EIF 2015 review: Kavakos & Wang

First published in The Herald on 27 August, 2015

Three Brahms violin sonatas, all in a row, and an encore of more Brahms (the C-minor Scherzo). Not a programme I would want from most musicians, but Leonidas Kavakos and Yuja Wang made it engrossing — a study of Brahms at his most exploratory and unguarded, a feast of rich sonority and glorious melody. These two musicians are splendidly different in looks and sound. She made a costume change during the interval, he did not. As a pianist Wang is athletic and quixotic: she made clear work of the thick Brahmsian textures and unleashed sounds ranging from brash metallic to sultry heavy-pedalling. Sometimes — start of the G-Major Sonata — I wanted more assertiveness from her; other times — close of the D-Minor — her attack was explosively volatile. She was full of surprises.

Kavakos is endlessly fascinating to watch and hear. He is a deeply unfrivolous musician yet his delivery can seem almost casual. His gaze roamed the hall; he might have been playing for friends in his living room.
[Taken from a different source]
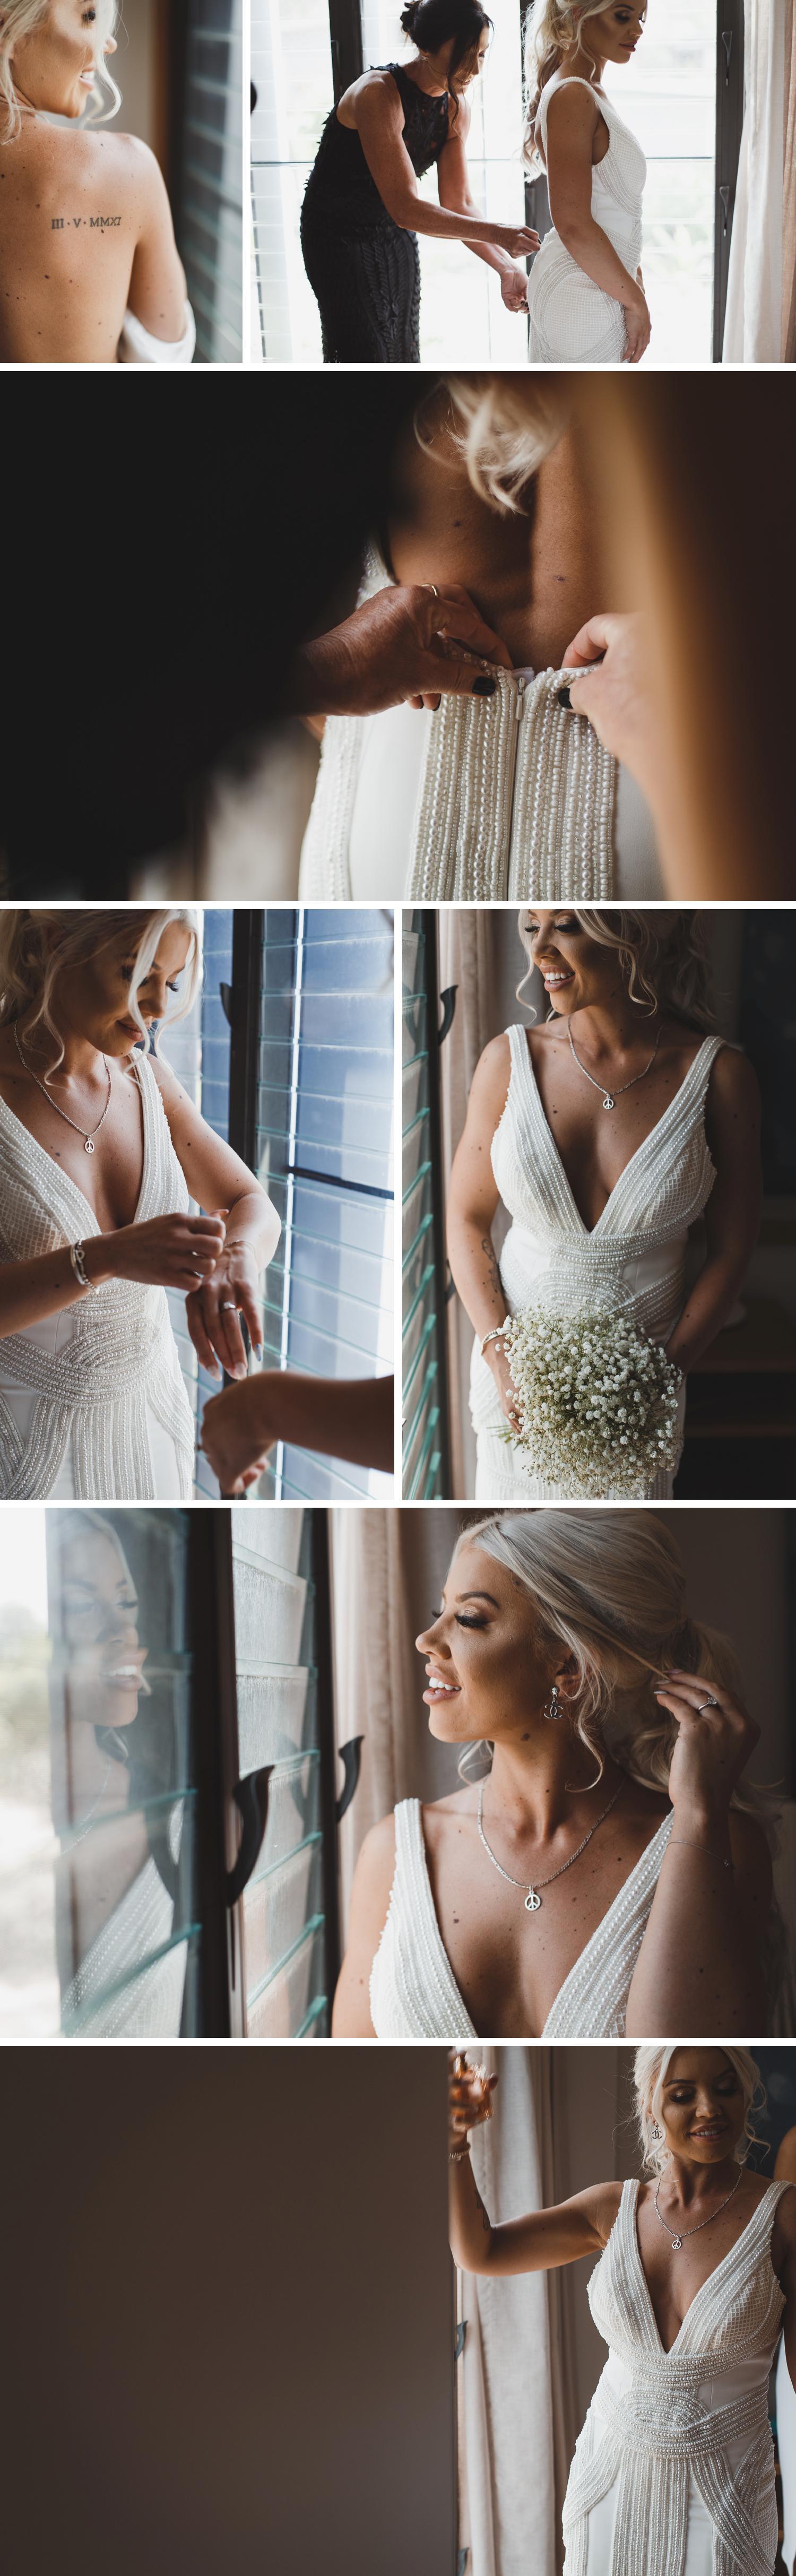 Byron Bay Victoria Wedding Photos, Byron Bay Surf Club Wedding, Beautiful Bride Getting Ready Wedding Photos by Danae Studios

A violin looks tiny in his hands and, though his technique is immaculate, there’s an ungainliness to the way he moves around the instrument — it’s as though he plays on it, rather than plays it. The sound he makes is not slick or suave or glossy but it is very beautiful in its rough-hewn warmth, husky low register and easy, fluid bowing. To me there’s something of a folk fiddler about him. His Brahms was beguiling, every movement drawn as a natural arc and every gesture totally unmannered. Several young children were in the audience, every bit rapt as the rest of us.